Hommage à Abdoulaye Ciré Ba

Très cher grand frère Ablaye,

Lors de notre dernier entretien téléphonique, à ton retour de Tunis, j’ai volontairement abrégé notre conversation qui n’a duré que quelques secondes. J’avais le cœur lourd, très lourd. Quand tu me disais : « tu vois migname (jeune frère), tout s’écroule en même temps. Même la voix qui a toujours été le plus fidèle de mes compagnons, me lâche à présent », j’ai compris que c’était une manière de me dire adieu. Et depuis, je n’ai pas eu le courage de croiser ton regard ou d’écouter ta voix. Oui, je n’ai pas un courage semblable au tien ; regarder la mort en face et même la titiller.
Ce matin, après avoir prié sur ta dépouille, j’ai le cœur léger. C’est probablement le cas des dizaines de personnes qui ont sacrifié leur repos hebdomadaire pour venir prier pour toi et te dire adieu, sachant que « fard kifâyé » les en dispensait. Nul n’était là parce que tu étais riche. Personne n’était là aussi parce que tu étais puissant. Tous n’étaient là que par devoir et par amitié, pour rendre un dernier hommage à l’homme d’exception que tu fus. L’assemblée des priant, aux couleurs arc-en-ciel, suait la sincérité, car c’est ta Mauritanie, celle de tes rêves d’enfant et de tes espoirs d’adulte, qui était là ce matin.
Ablaye, tu sais bien que nul ne pourra te rendre un hommage semblable à ceux que tu as déjà commis, même au compte approchant, en écriture comme en profondeur. Bien sûr, tu n’aurais jamais accepté que je dise ceci, car tu aurais élégamment classé mon assertion dans le registre de l’art espiègle des torodo, tellement l’humilité est la plus profonde de tes convictions. Mais les faits sont là : Habib l’Iguidien troubadour universel, l’Imam Bouddah l’homme pour l’humanité, Karim Ba le berger des étoiles, la douce marche sur les rêves de Mohamed ould Homody, l’ami Médoune un étranger si étrange, resteront à tout jamais des chefs-d’œuvre inimitables.

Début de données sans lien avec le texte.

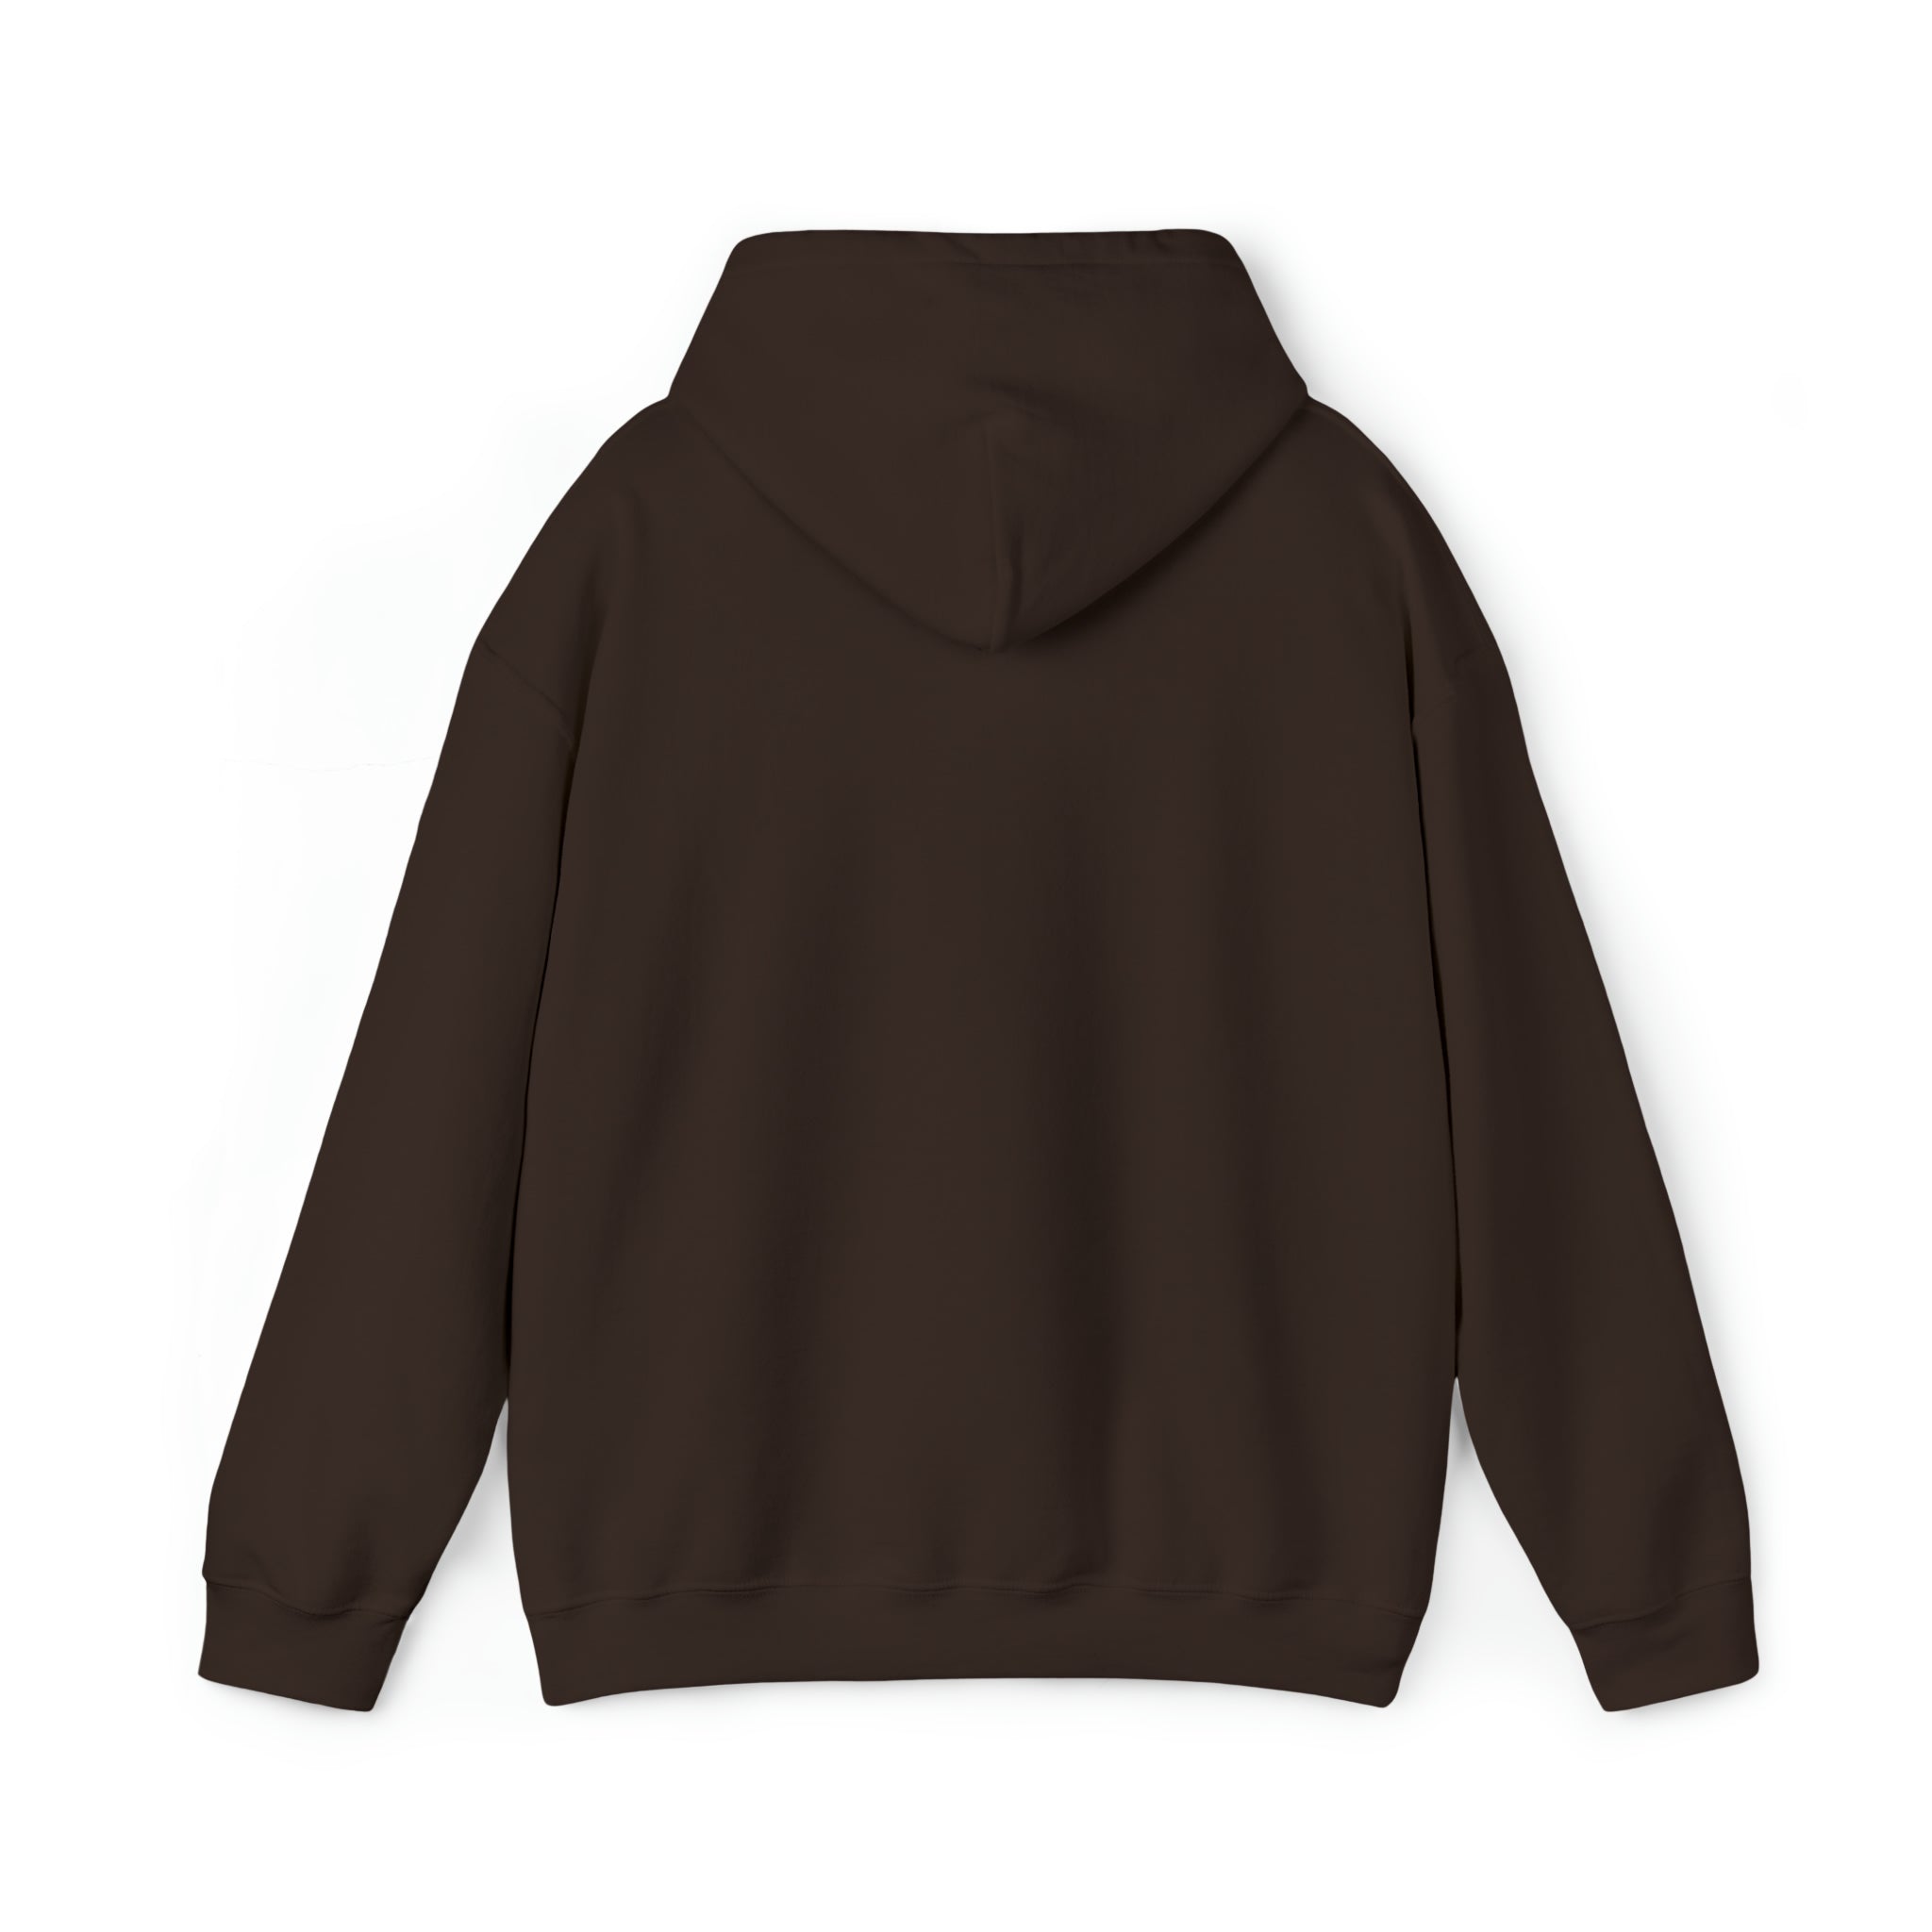 Mettaverse Logo - Unisex Heavy Blend™ Hooded Sweatshirt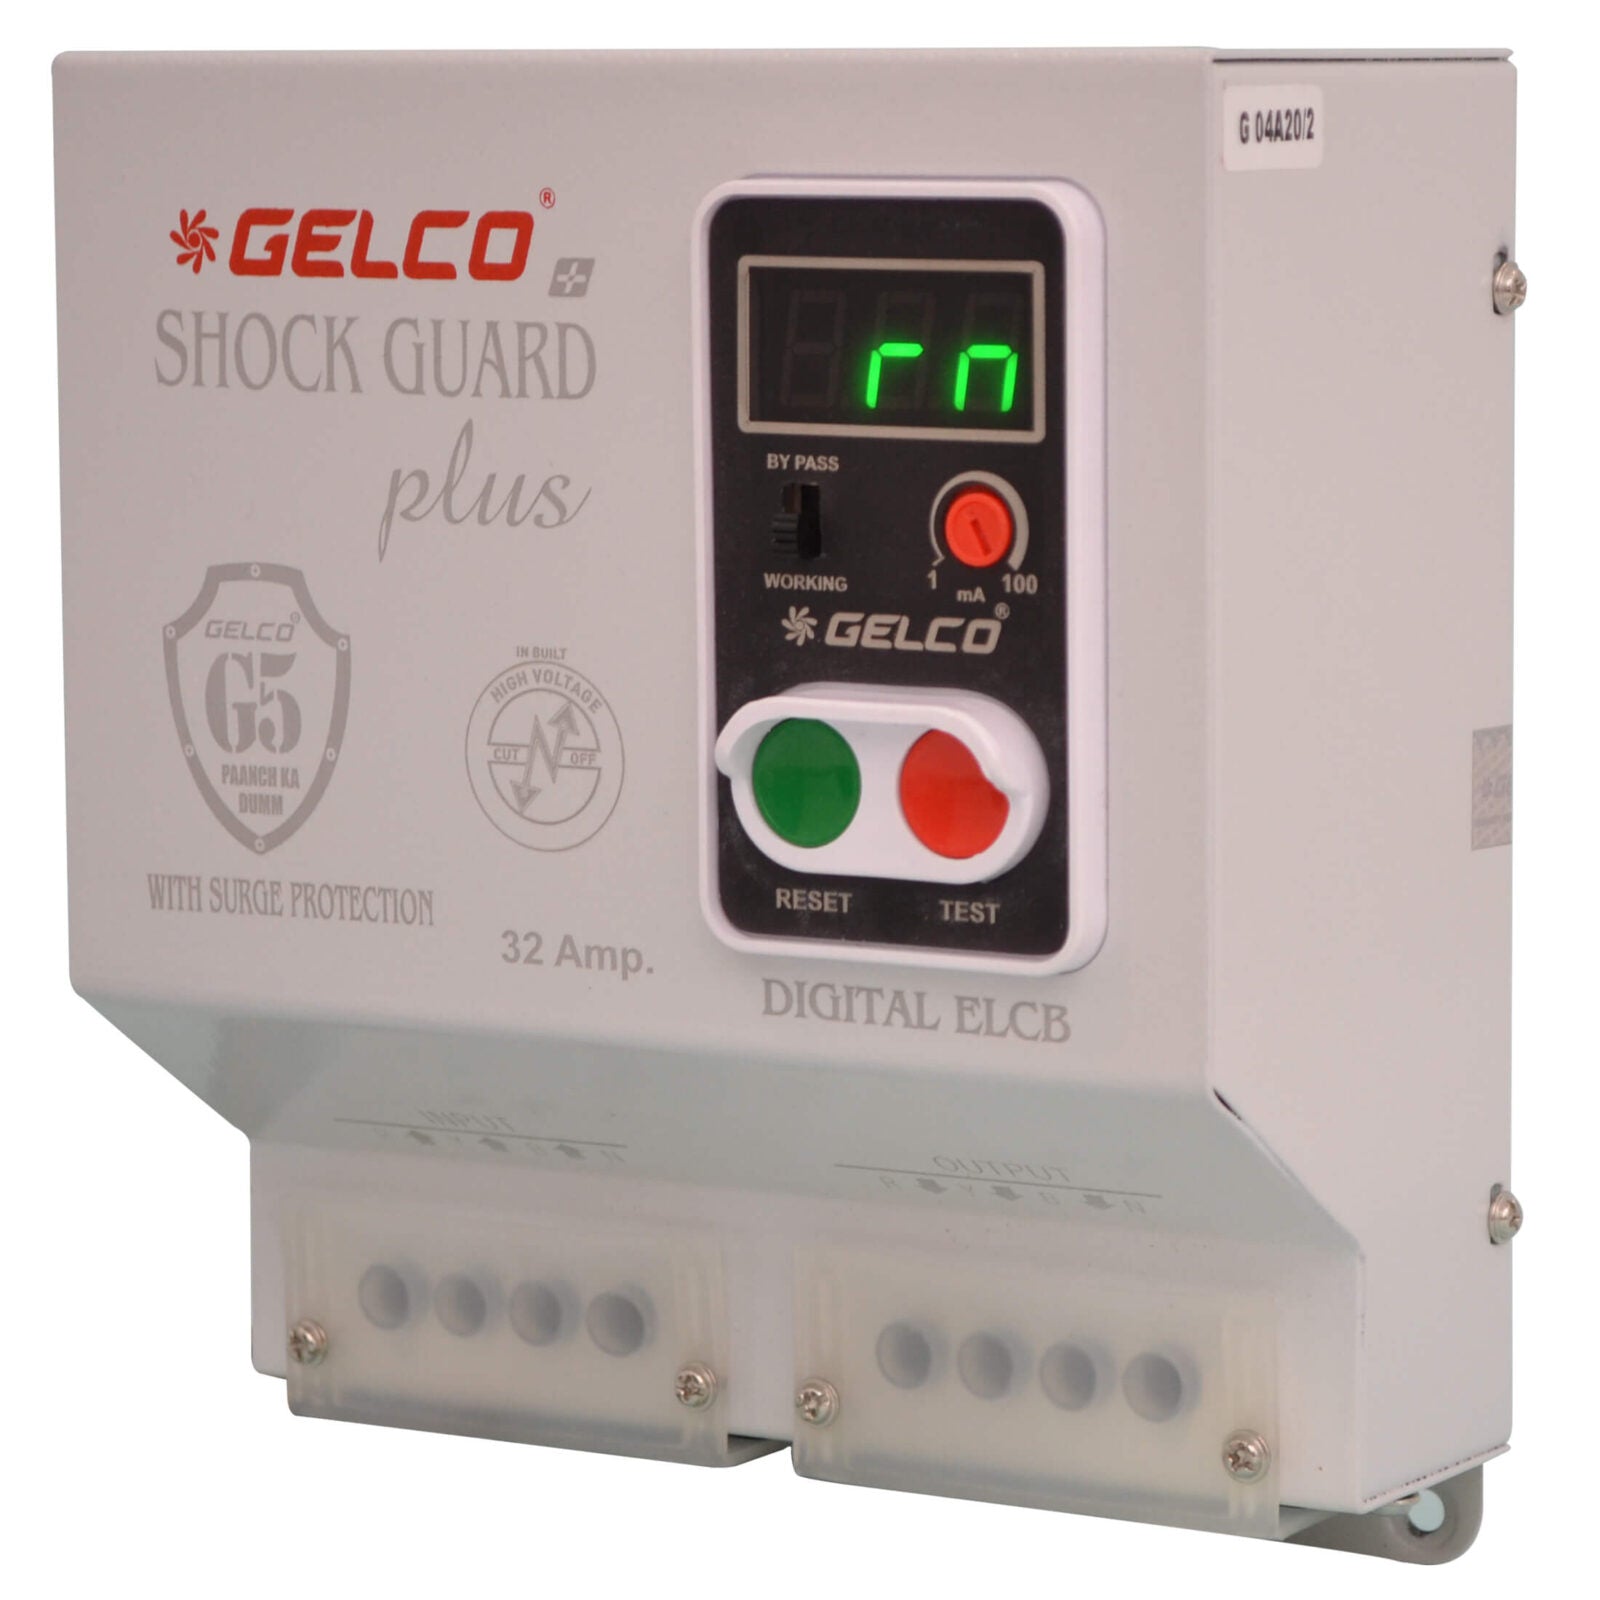 Shock Guard Plus - Gelco Electronics Pvt. Ltd.

Je voudrais te dire ce que je n’ai jamais pu te dire. Ta rencontre a bouleversé ma vie. Quand j’étais venu travailler avec toi au journal L’Unité, un quart de ma jeunesse encore bien porté, je ne doutais point de moi-même. Officiant à l’université comme enseignant, je suais la suffisance. Le militant de gauche que je suis était plein de certitudes. Et puis, quelques sédiments culturels enfouis dans le tréfonds de mon être social, s’exhumaient épisodiquement tel un péléen en éruption, de pitoyables trébuchements intellectuels. A tes côtés, j’ai appris les arts de l’écriture, la sagesse de l’écoute, la vanité de la suffisance, les vertus de la tolérance, le sens profond de l’humilité, la fidélité aux principes, le désir itératif d’apprendre des autres et aux autres et surtout la quintessence du mot Juste.
Je voudrais te dire aussi merci pour l’exemple que tu fus, et merci surtout pour l’immense richesse que tu laisses, non pas à tes héritiers seulement, mais à tout le pays de tes rêves. Te lire c’est visiter un espace de citoyenneté vraie, te relire c’est apprendre une leçon de vie. 
Adieu mon maître.
Puisse ALLAH, dans son infinie bonté, te couvrir de sa Grâce et t’accorder une place de choix dans son céleste paradis.